__SOURCE DATA__
----

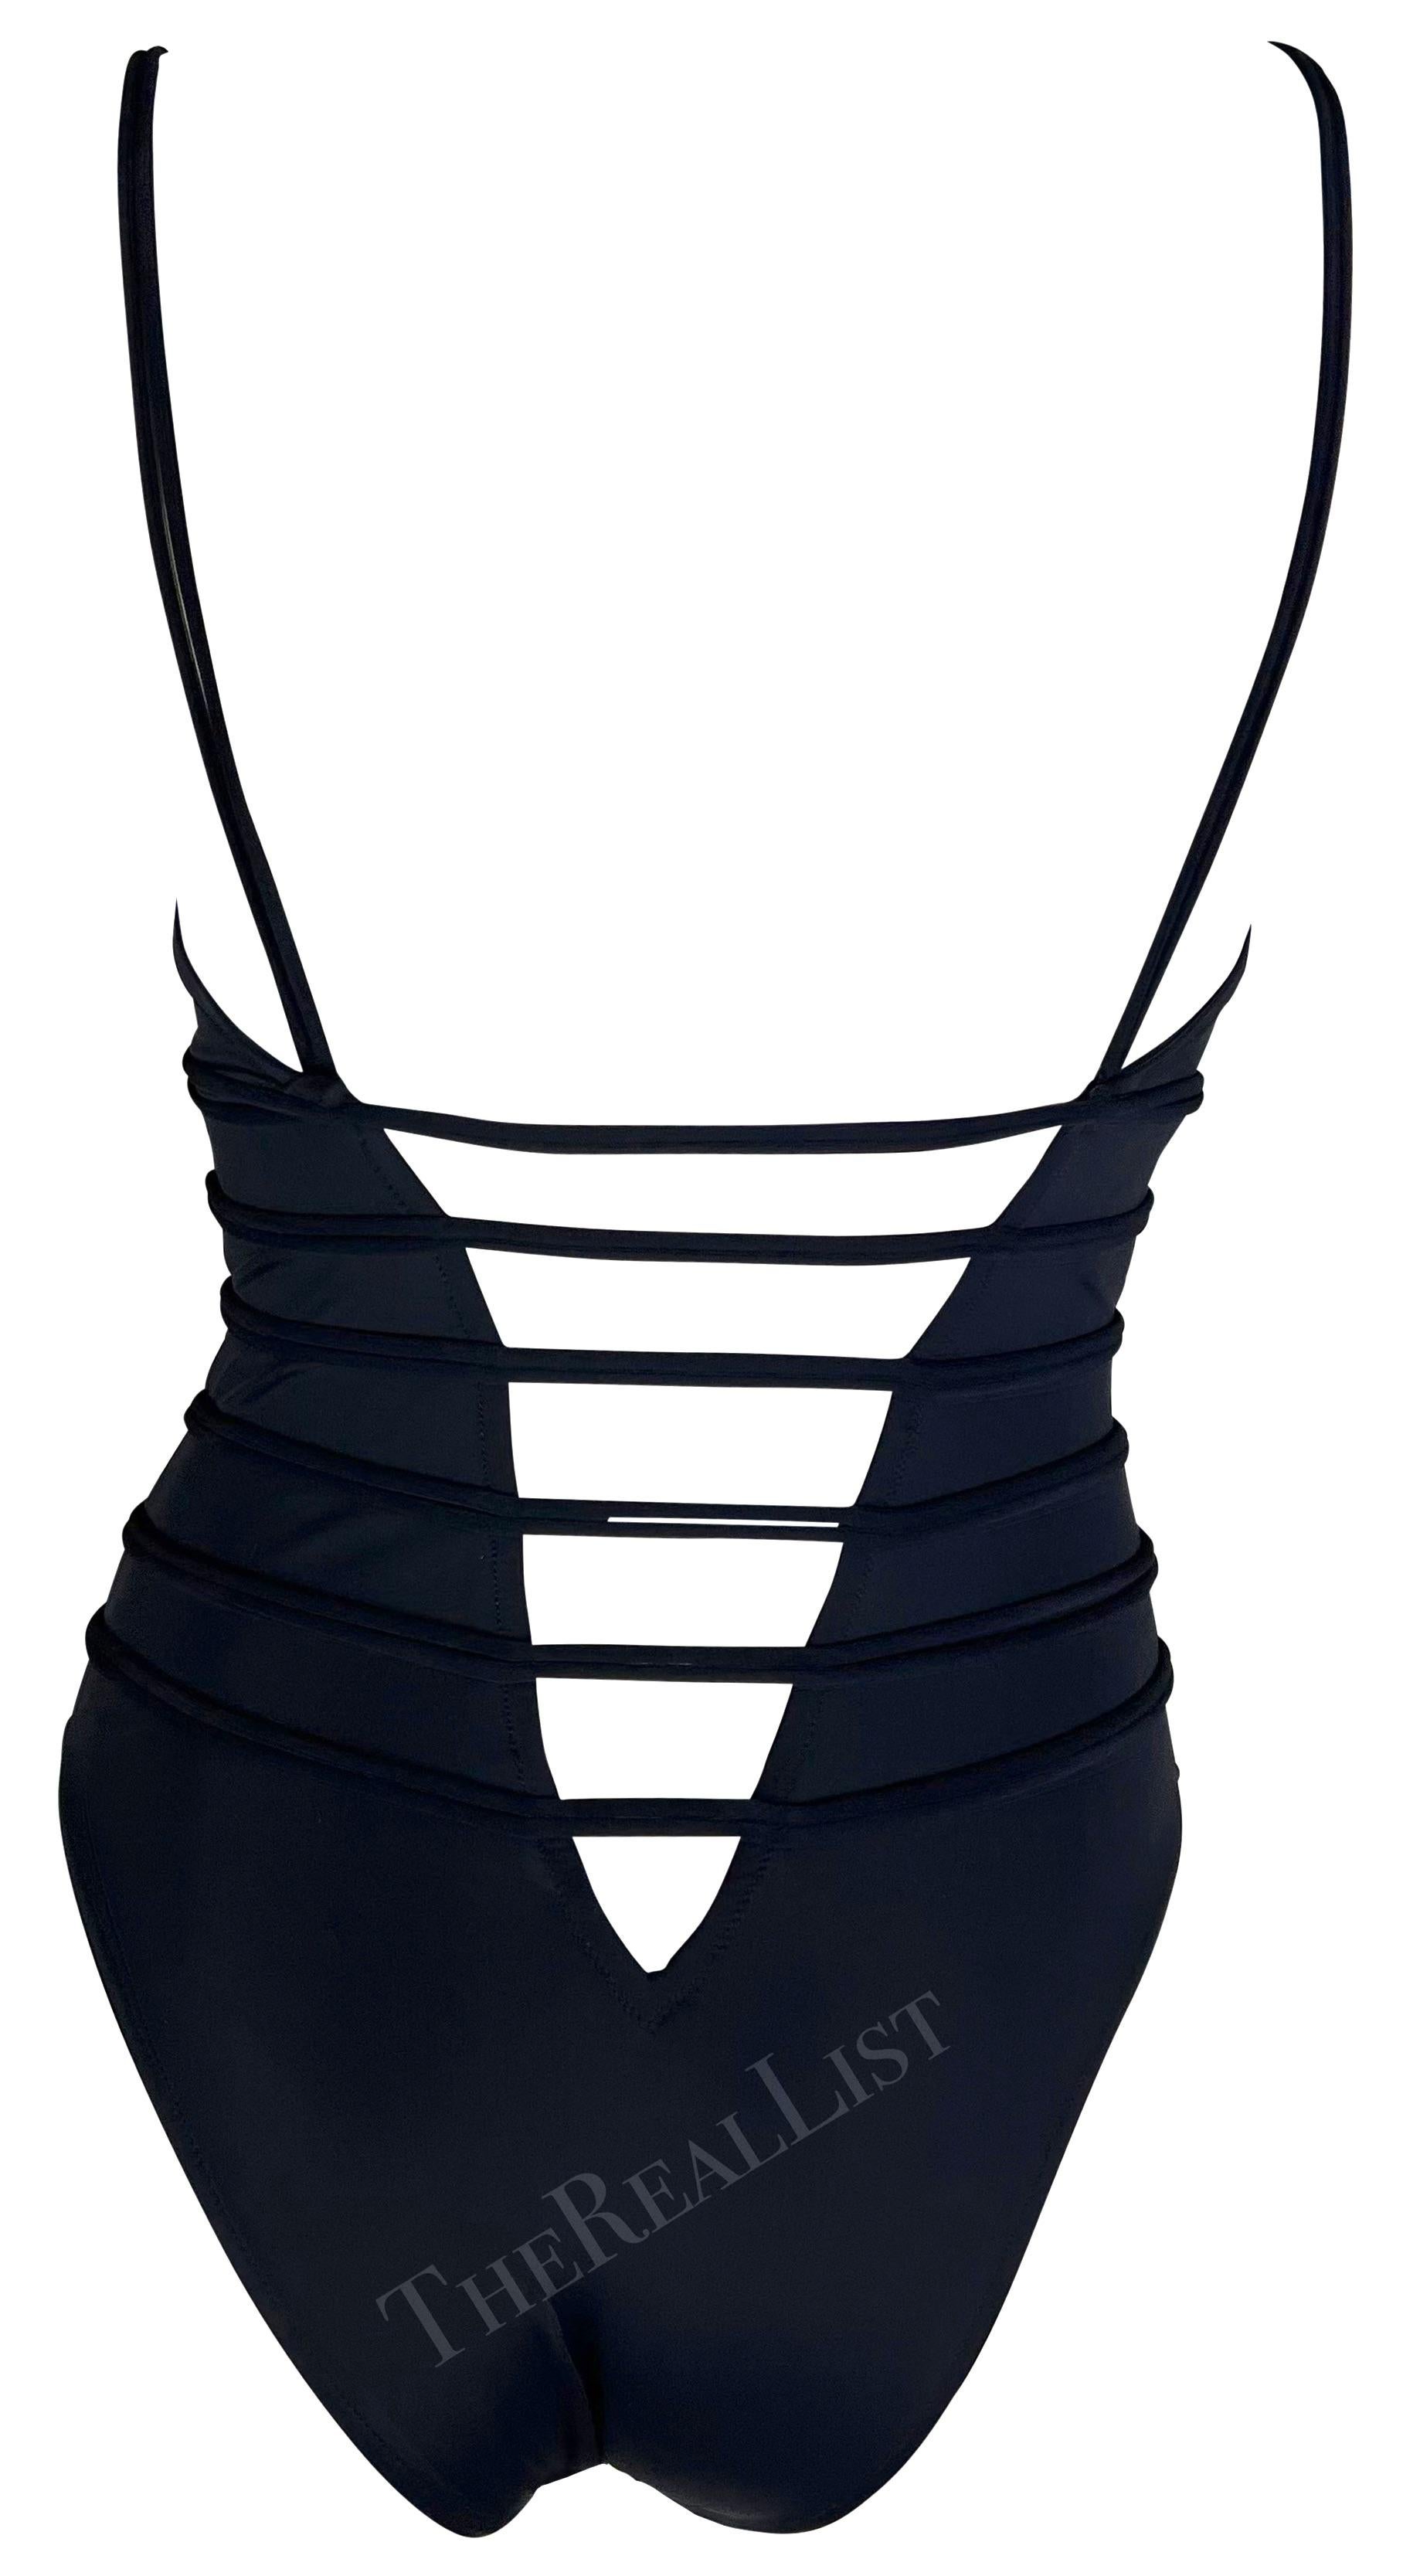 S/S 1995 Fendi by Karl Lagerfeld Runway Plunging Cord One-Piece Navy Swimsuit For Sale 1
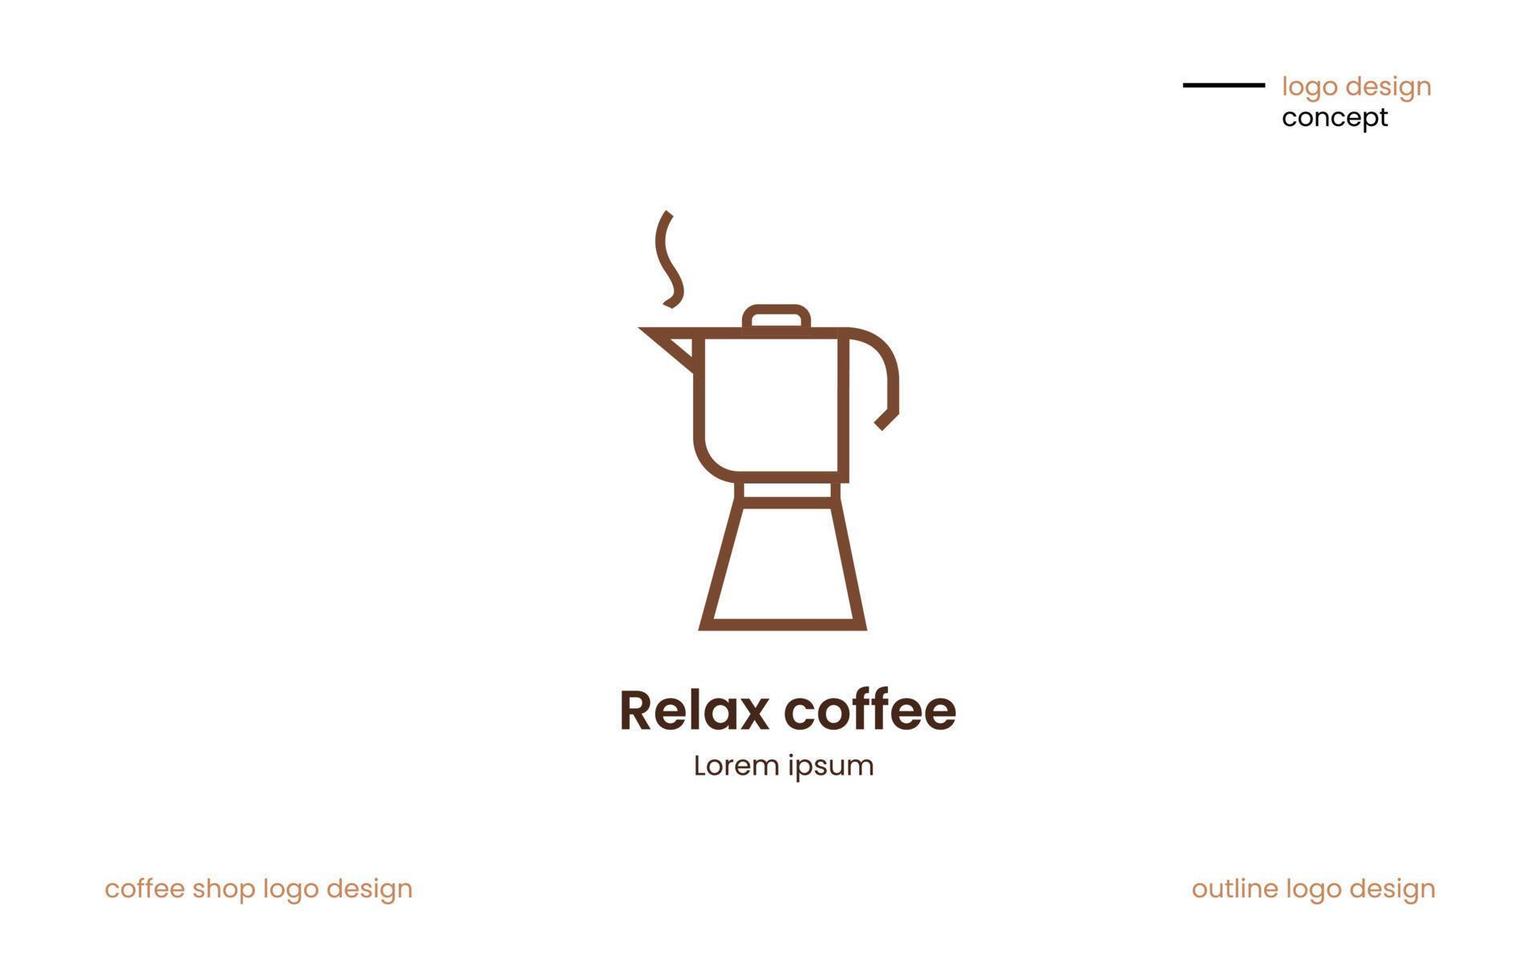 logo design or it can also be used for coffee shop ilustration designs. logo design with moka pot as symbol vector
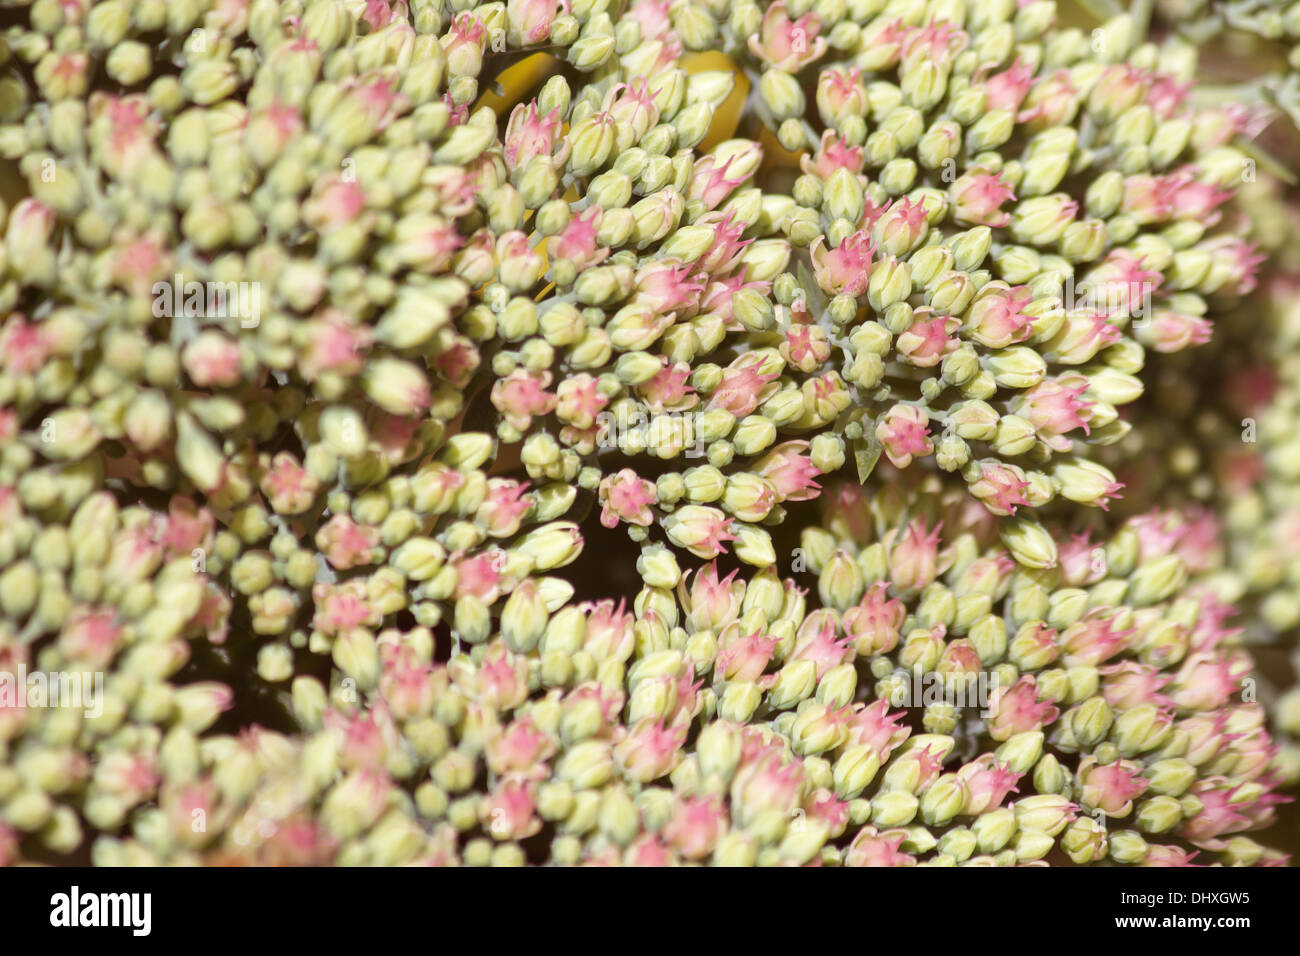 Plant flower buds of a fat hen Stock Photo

----

Please write out the lines above exactly, from the one that contains "logo design or" through the final line, and include none of the pictures.

__EXERCISE OUTPUT__
 logo design or it can also be used for coffee shop ilustration designs. logo design with moka pot as symbol vector
 Plant flower buds of a fat hen Stock Photo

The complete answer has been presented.